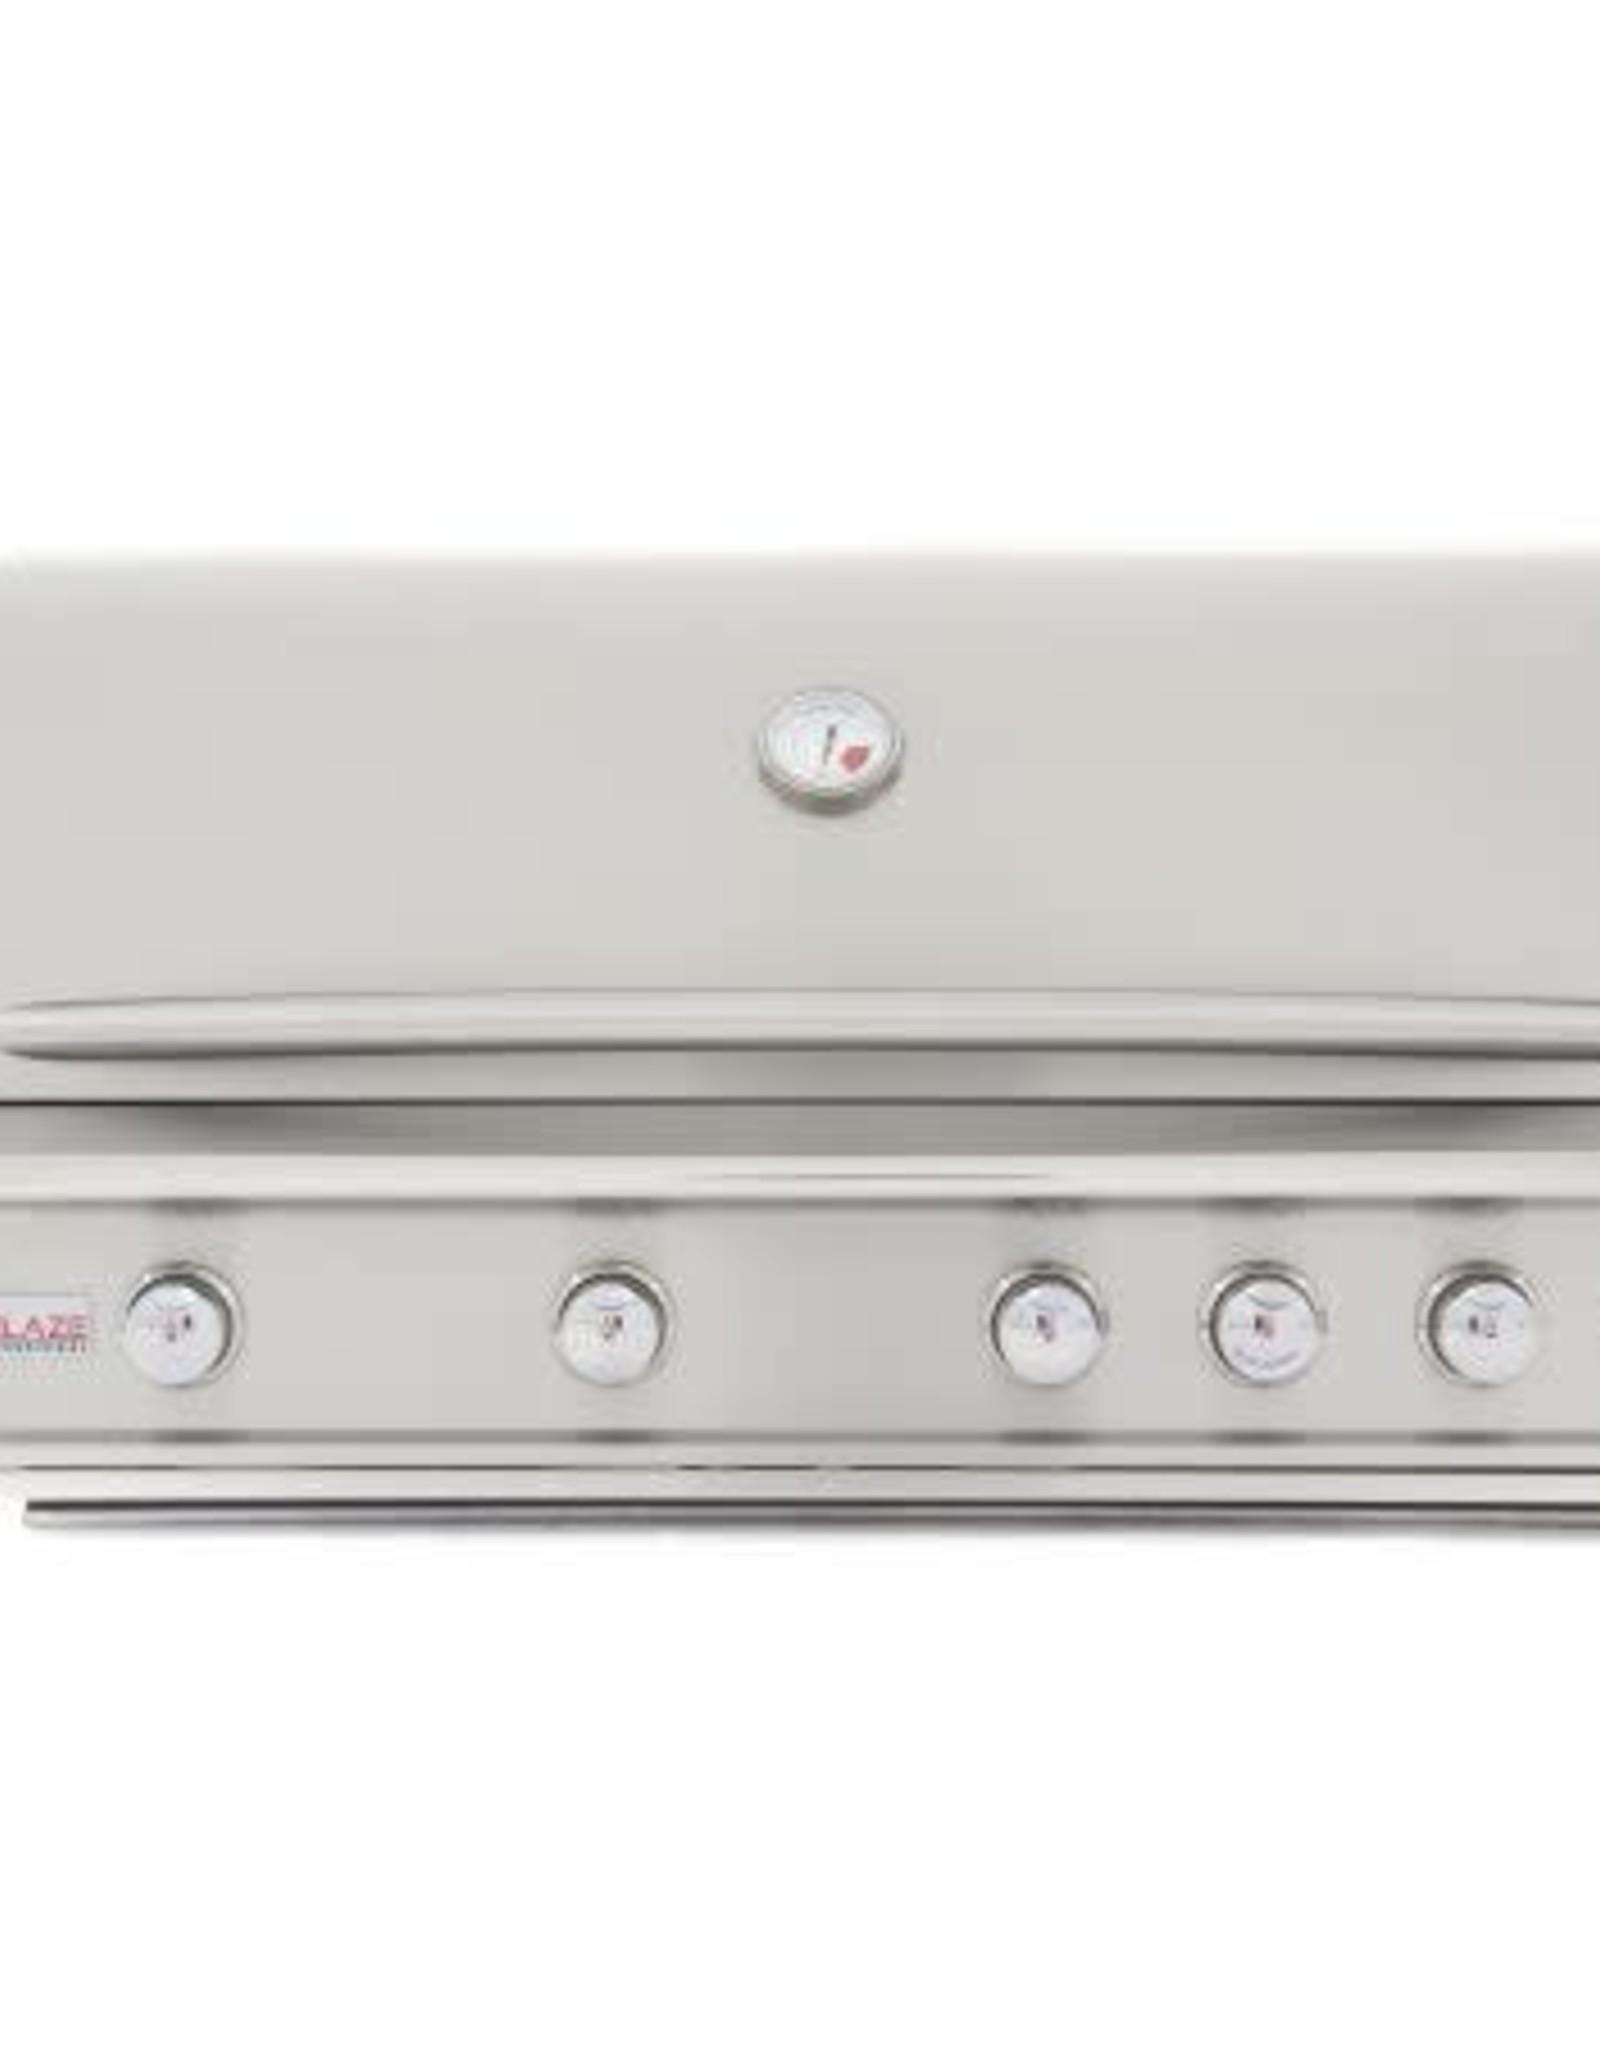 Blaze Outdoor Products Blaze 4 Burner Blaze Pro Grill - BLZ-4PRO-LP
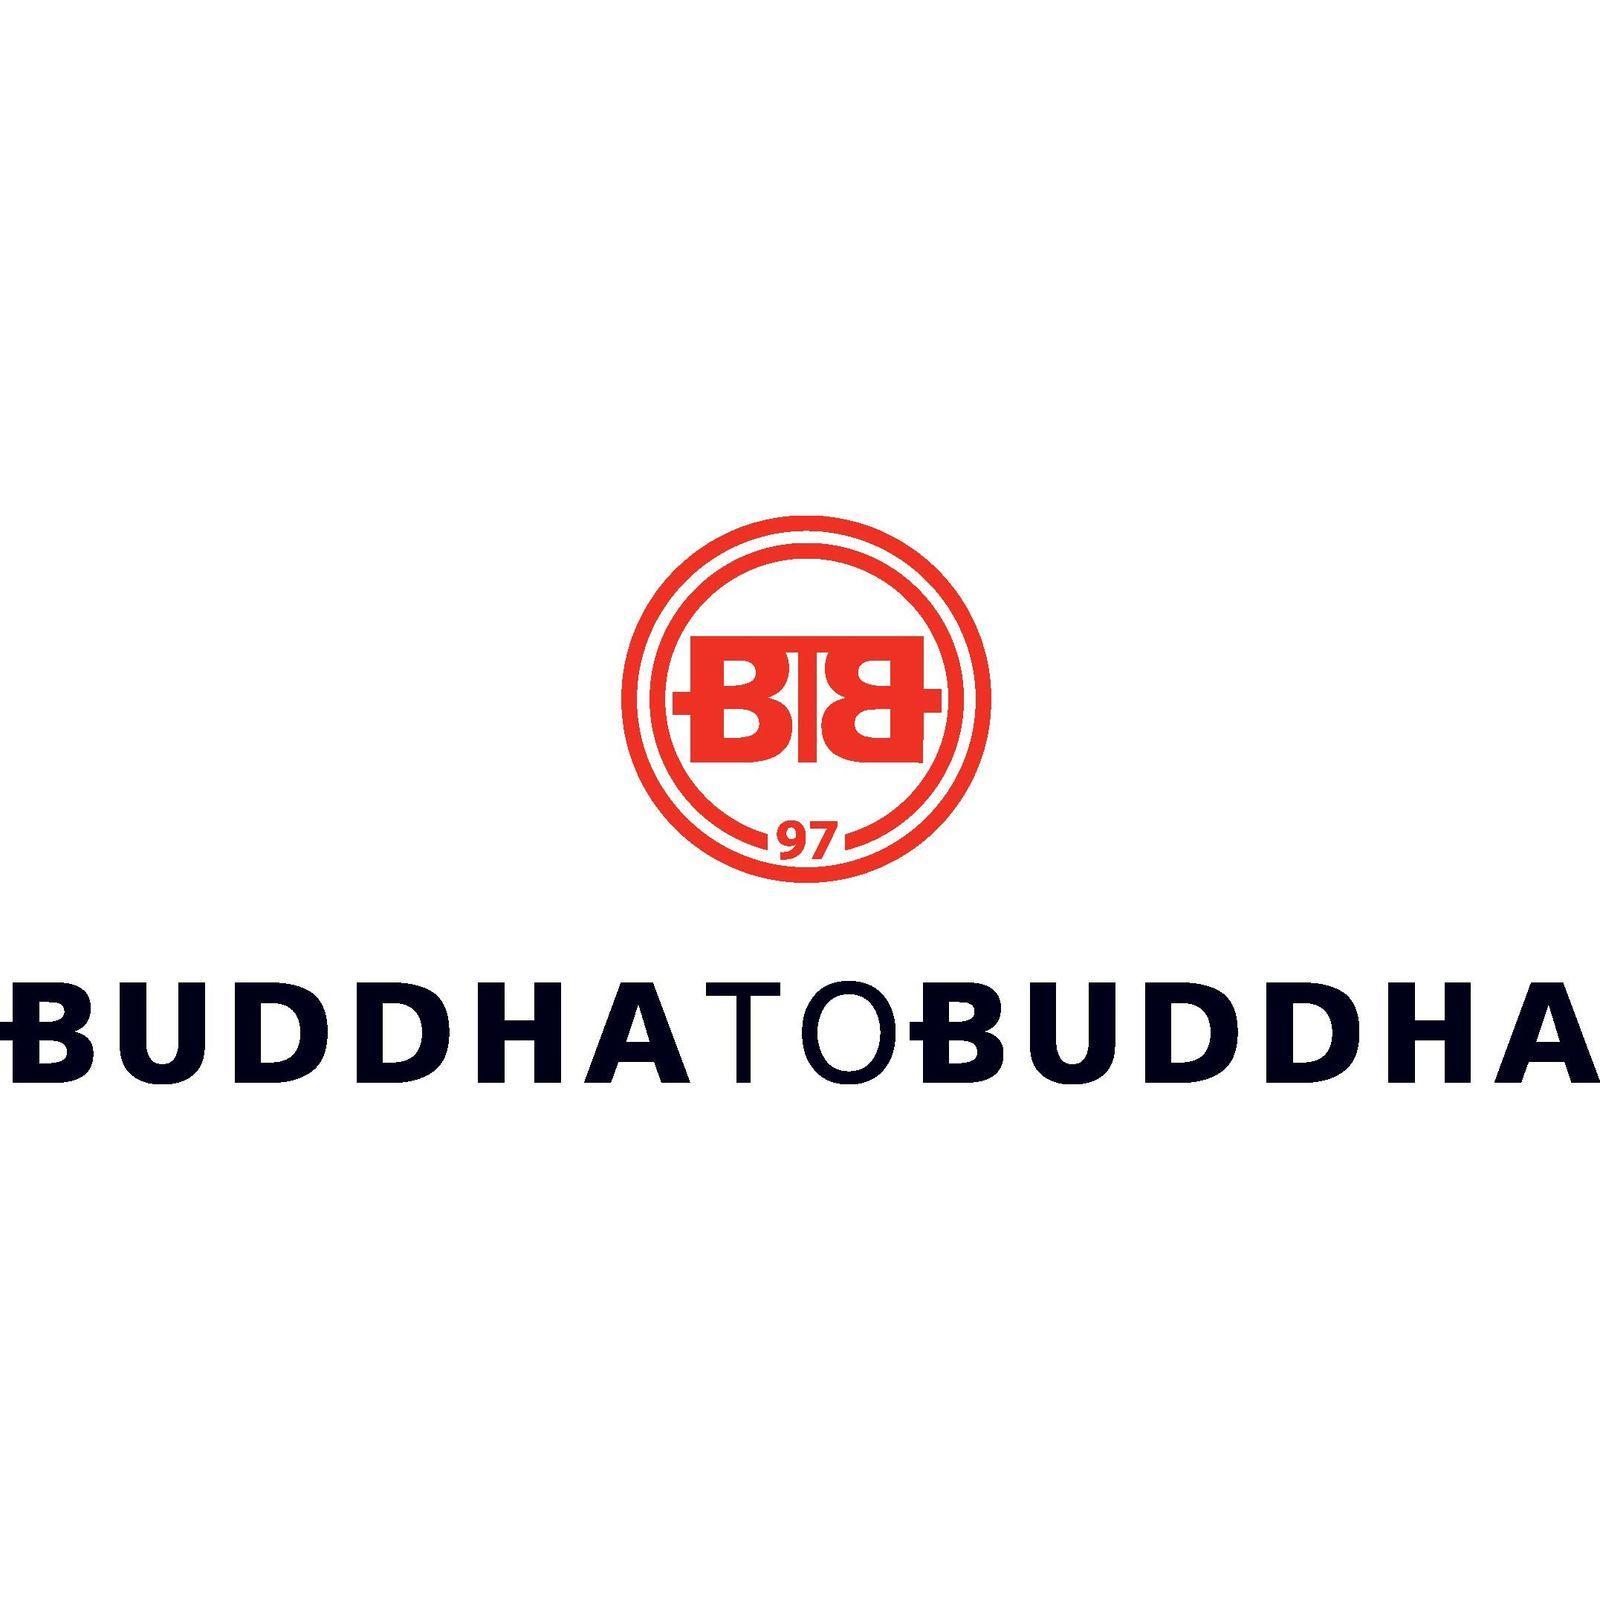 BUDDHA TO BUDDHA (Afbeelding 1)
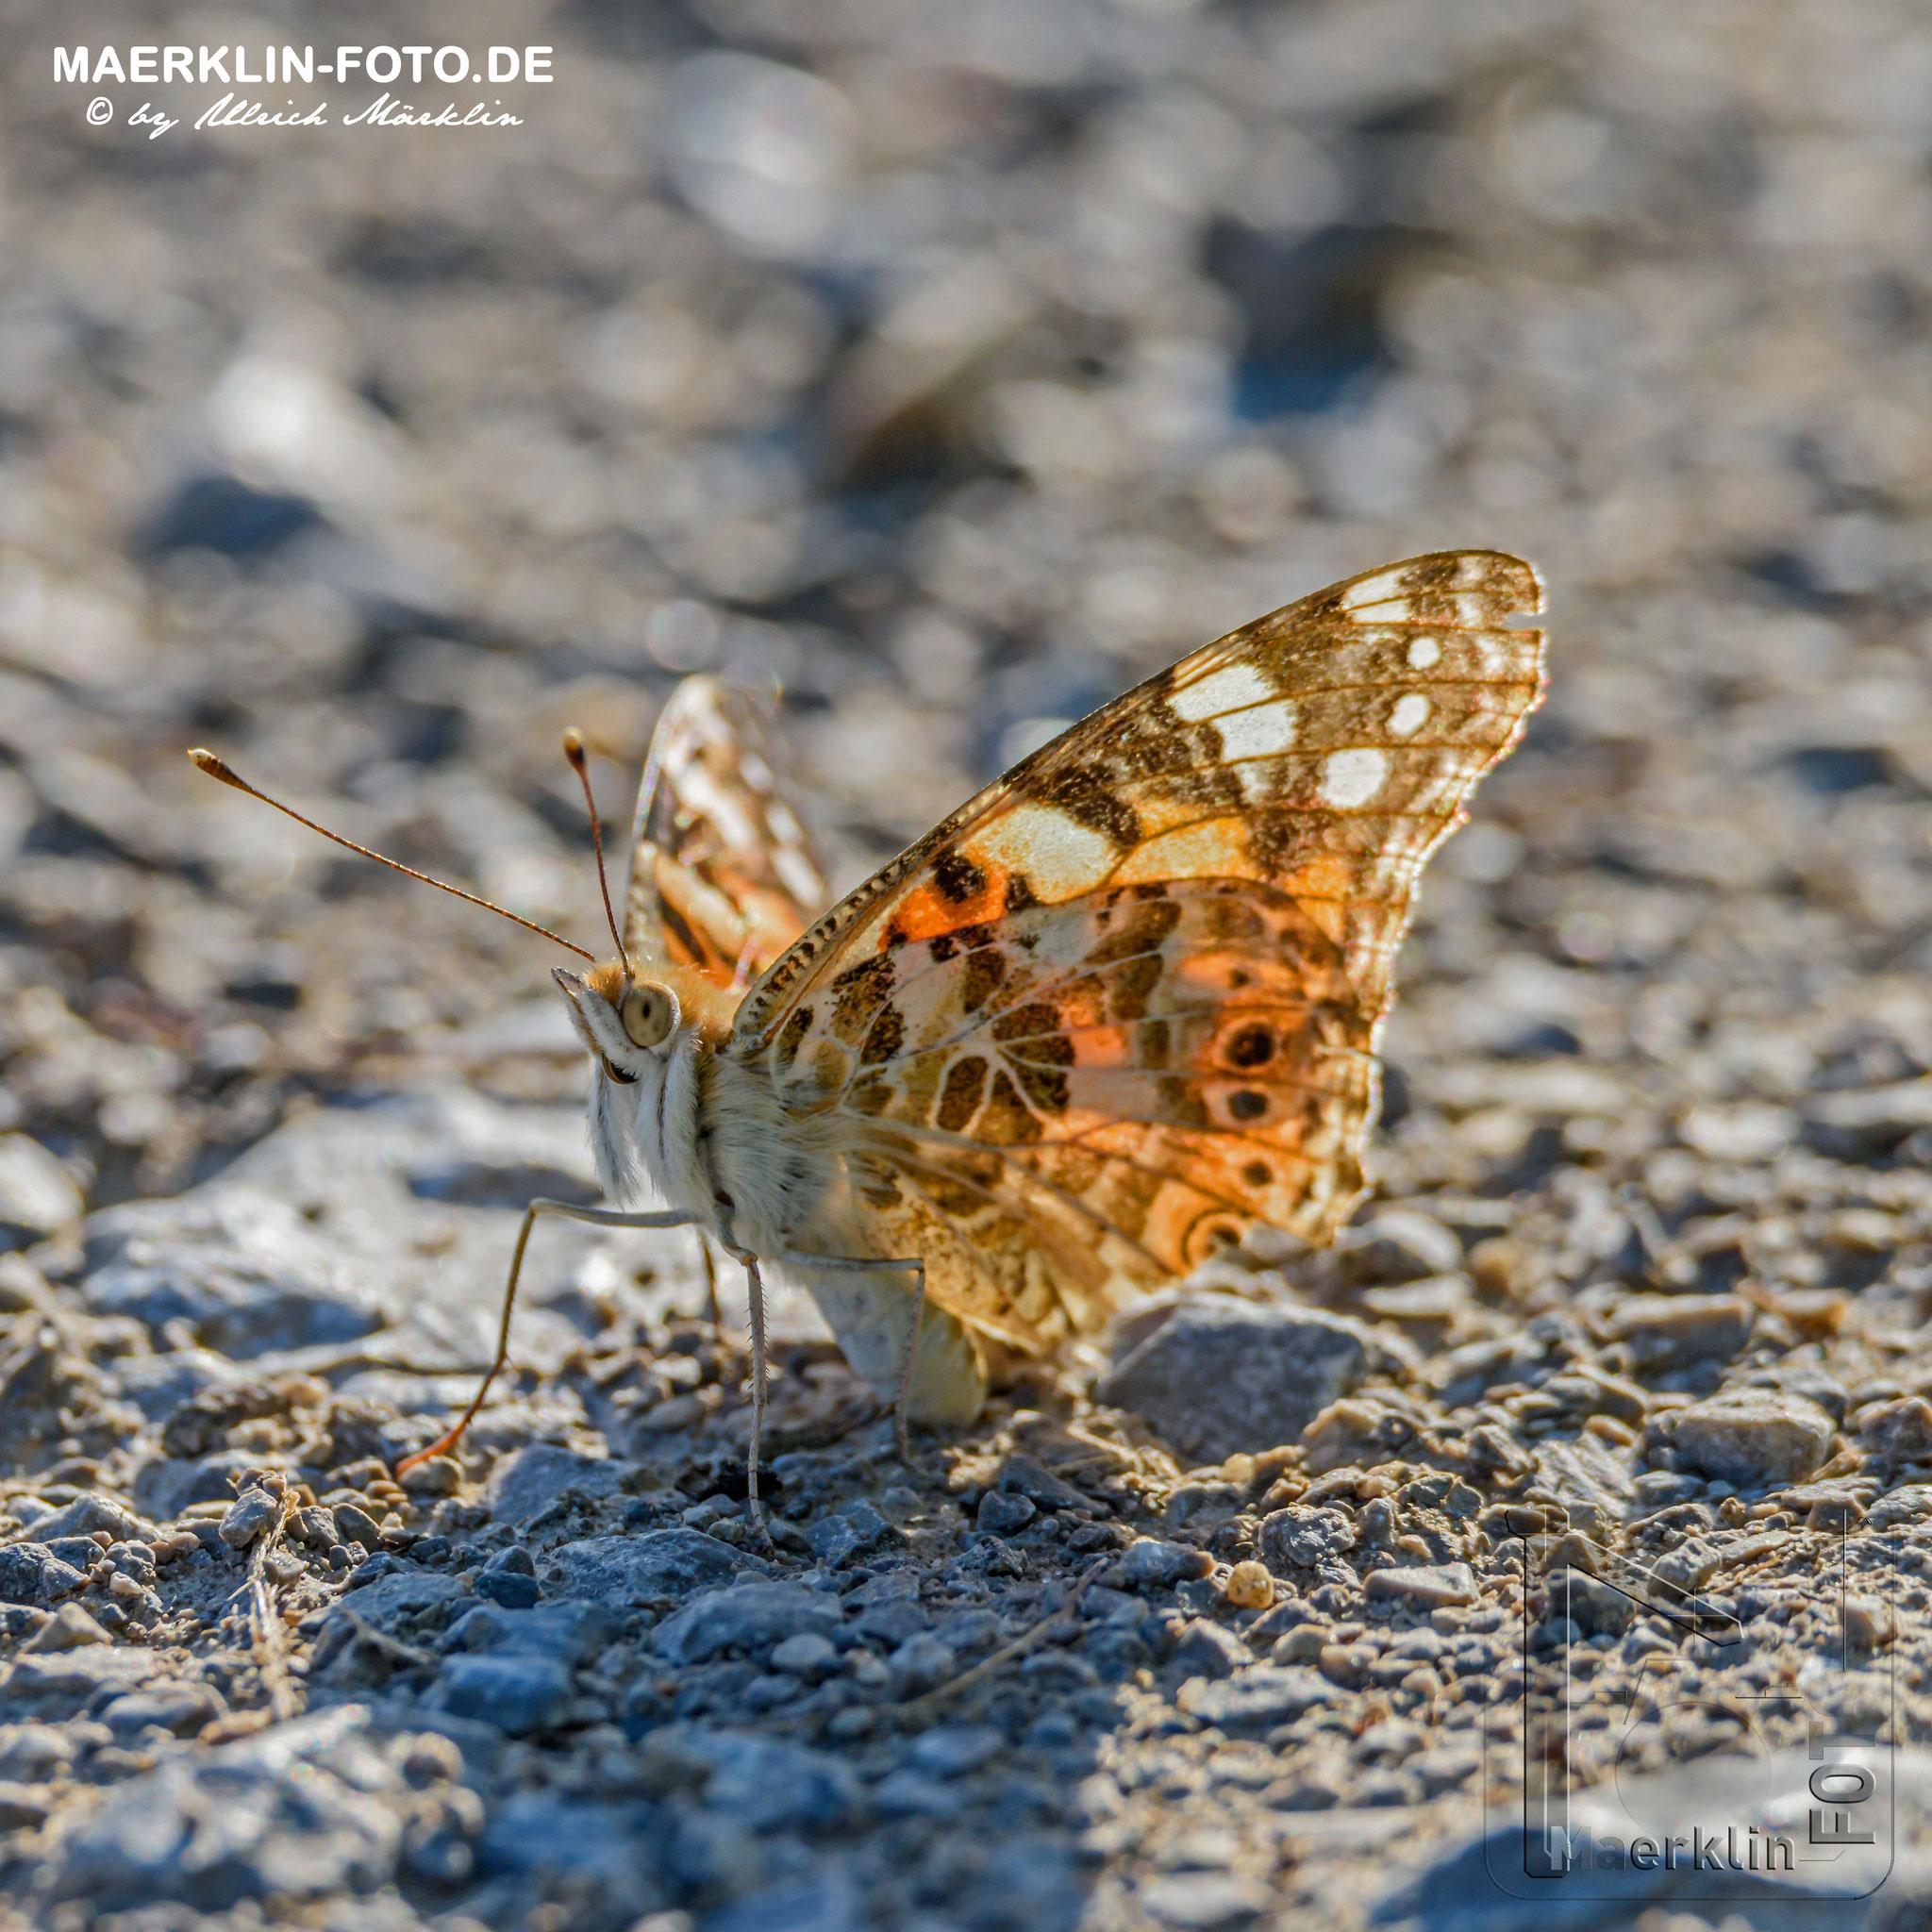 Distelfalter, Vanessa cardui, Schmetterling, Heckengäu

## WHAT TO DO
Everything in the data except the pictures should be restated word for word.

## RESULT OF THIS EXERCISE
 Blaze Outdoor Products Blaze 4 Burner Blaze Pro Grill - BLZ-4PRO-LP
 BUDDHA TO BUDDHA (Afbeelding 1)
 Distelfalter, Vanessa cardui, Schmetterling, Heckengäu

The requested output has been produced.